Al ir penetrando las creencias egipcias en el marco de la cultura griega, a través de varios autores entre los cuales cabe destacar a Plutarco de Queronea (su tratado Sobre Isis y Osiris ejerció una gran influencia sobre los alquimistas medievales), se atribuyó a Hermes-Toth toda una literatura escrita en griego, más o menos inspirada en las enseñanzas astrológico-mágicas egipcias.

Otras enseñanzas ocultas, particularmente las referidas a las virtudes secretas de las piedras y de las plantas o las relativas a la regeneración del hombre se hallan también en este Corpus Hermeticum.

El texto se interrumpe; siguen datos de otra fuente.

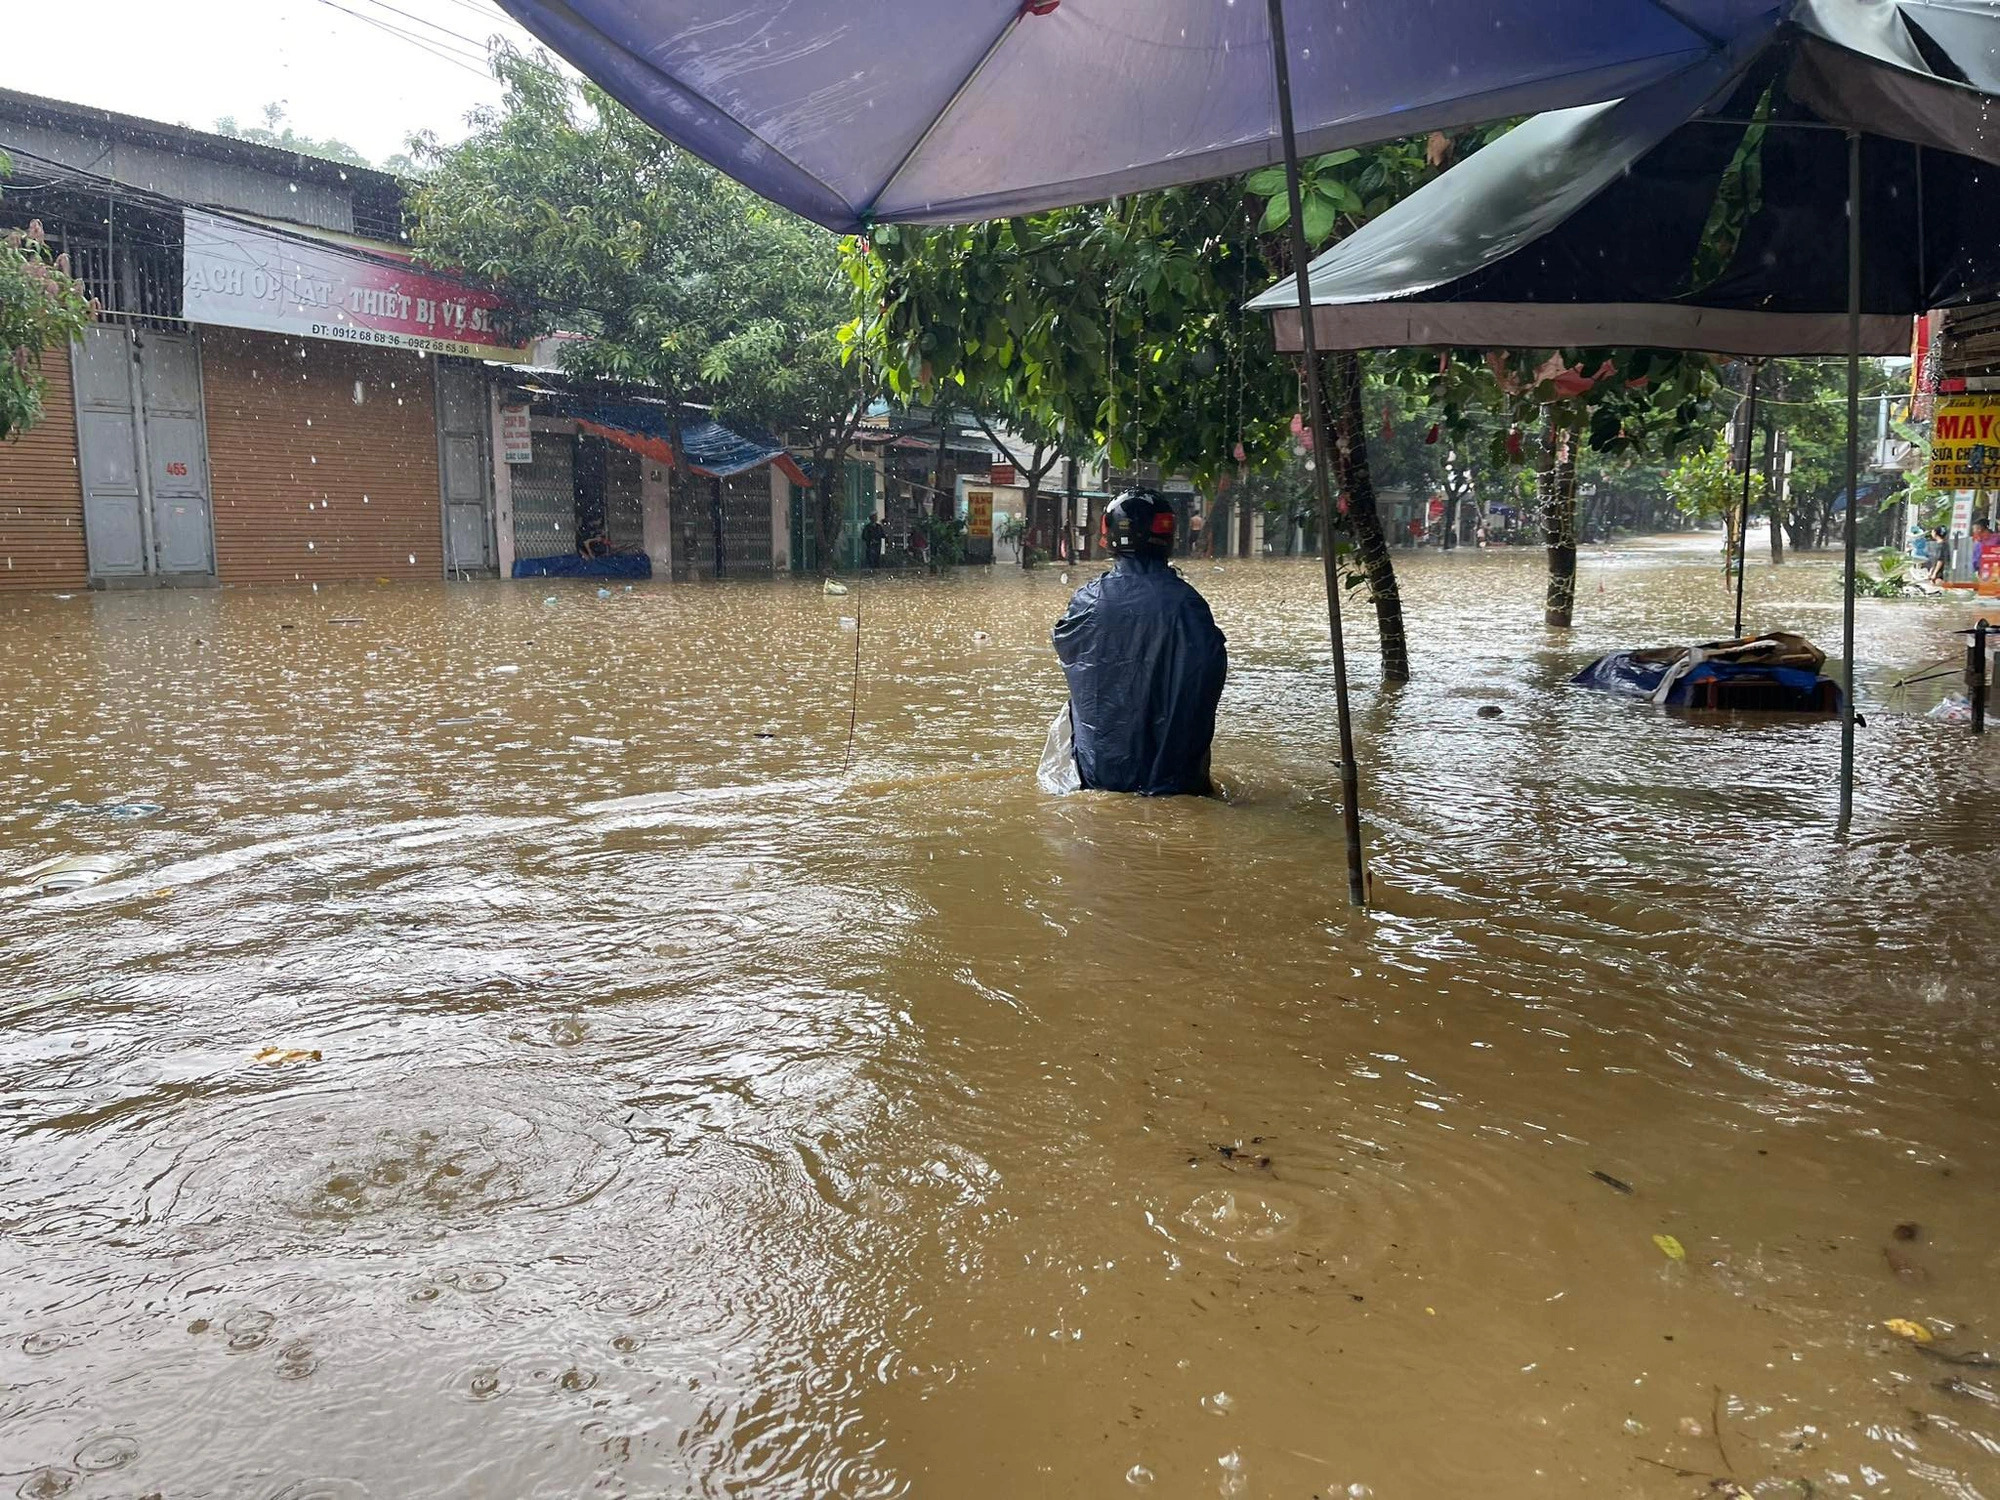 Some road sections were nearly one meter deep in water due to excessive rain, causing traffic gridlock in Lao Cai City, Lao Cai Province, northern Vietnam. Photo: Tien Ngoc / Tuoi Tre

Su difusión en la antigüedad, la Edad Media y el Renacimiento fue enorme y no dudamos en afirmar que a partir del Corpus Hermeticum y de la famosa Tabula Smaragdina o Tabla de Esmeralda, se desarrolló casi toda la simbología hermética y alquímica cuyos elementos principales nos proponemos exponer.

Algunos autores modernos[7] señalan que, al hablar de tradición hermética no se trata “sólo de las doctrinas incluidas en los textos alejandrinos del Corpus Hermeticum”. Y, ciertamente, en la formación de este simbolismo han contribuido otros elementos, en mayor o menor medida, procedentes del cristianismo, las sectas cristianas primitivas, la cábala hebraica y no pocos autores islámicos. Tendremos también, de pasada, que referimos a ellos.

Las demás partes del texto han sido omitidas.